Pathological and biological relevance of cytophotometric DNA content to breast carcinoma genetic progression

Abstract

Correlating cytophotometrically detectable genetic alterations to events of known biological and pathological significance in breast carcinoma has been challenging, in large part owing to the difficulty in isolating and analyzing premalignant (i.e., hyperplastic) or preinvasive (i.e., in situ carcinoma) lesions. This problem may be addressed by using histologically directed evaluation of intact, paraffin‐embedded tissue sections. Using image cytophotometry in preserved sections, we have identified clonal DNA content abnormalities (i.e., aneuploidy) in up to three‐fourths of preinvasive breast carcinomas. Moreover, comparison of ploidy determinations between residual in situ and corresponding invading neoplastic populations suggests that host invasion is accompanied by measurable DNA content shifts in many cases.

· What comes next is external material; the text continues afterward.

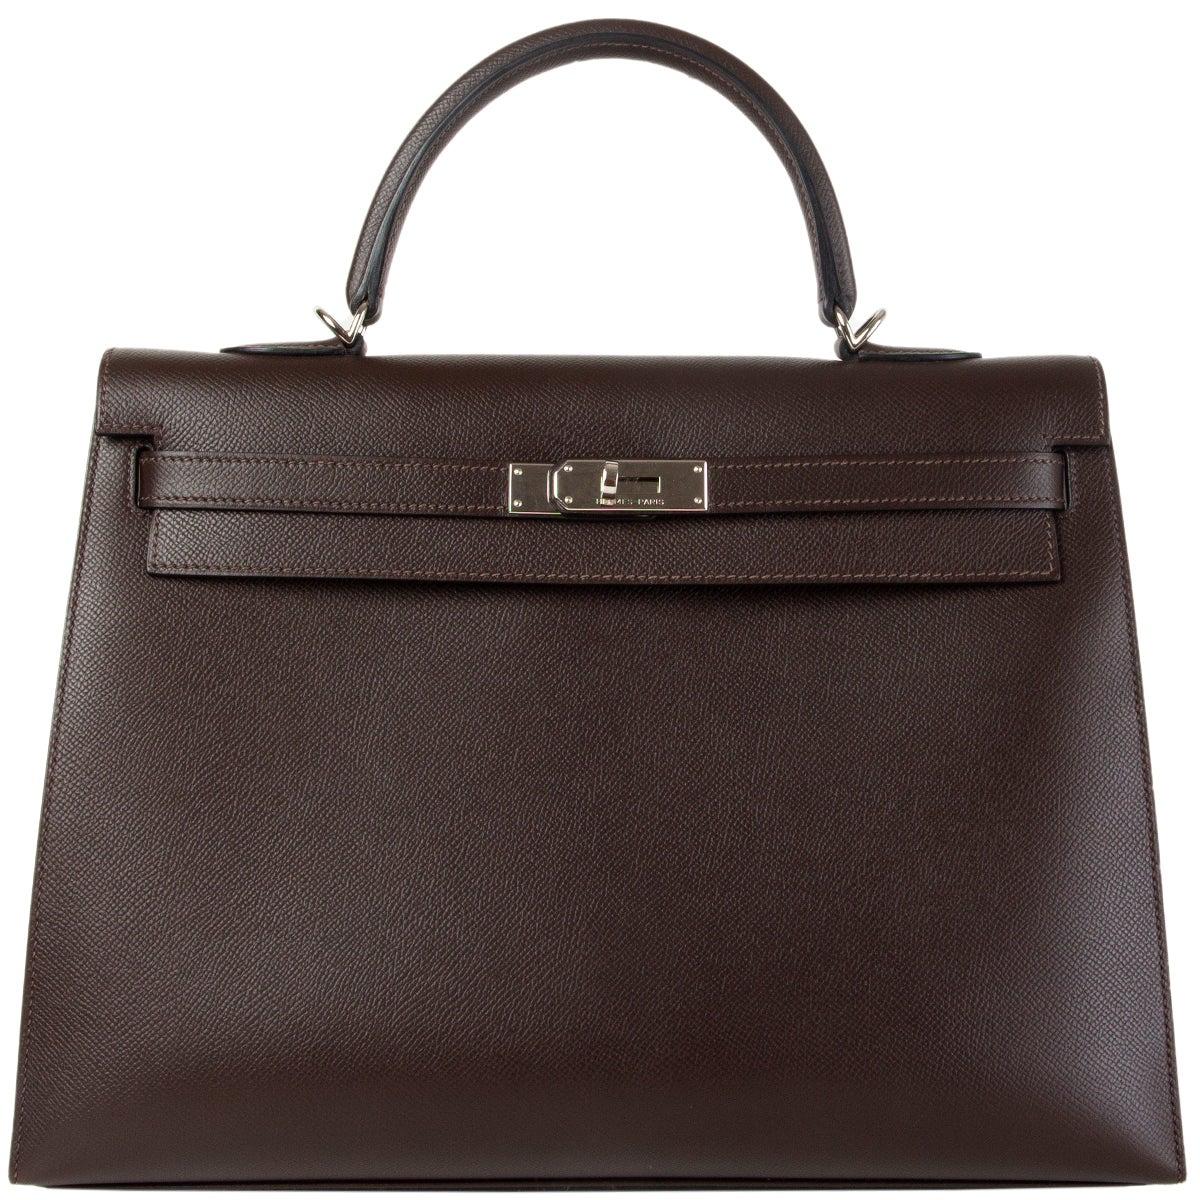 HERMES Chocolat brown Epsom leather & Palladium KELLY 35 Sellier Bag

Image cytophotometric DNA content abnormalities are also detectable in florid/atypical proliferative lesions, albeit less frequently (∼25% of cases) and to a lesser extent (i.e., near‐diploid) than in situ carcinomas. Taken together, these findings imply an association between clonal DNA content aberrations and histologic disease progression. Although the sensitivity of cytophotometric ploidy assessments in tissue sections is limited by nuclear sectioning artifact and overlap, the presence of genomic instability in precursor lesions is supported by evidence of individual chromosome aneuploidy, which can be demonstrated in tissue sections by interphase cytogenetics with fluorescent, centromere‐specific probes. Further, presence of intra‐tumoral clonal DNA content heterogeneity is confirmed by cytogenetic studies showing co‐existing near‐diploid chromosome number modes in many tumors with hyperdiploid stemlines. Karyotypic stemline analyses imply polyploidization events are an important mechanism of clonal evolution leading to genetic heterogeneity. Recent studies also demonstrate predictable relationships between cytophotometric and karyotypic alterations, as well as between cytophotometric ploidy and molecular level events. Therefore, we conclude that cytophotometrically detectable DNA content anomalies may precede unequivocal morphologic transformation in breast neoplasia. Moreover, clonal DNA content evolution via endoreduplication may not only accompany biologically critical steps in histologic progression of breast tumors, but may also be reflected in DNA histogram patterns.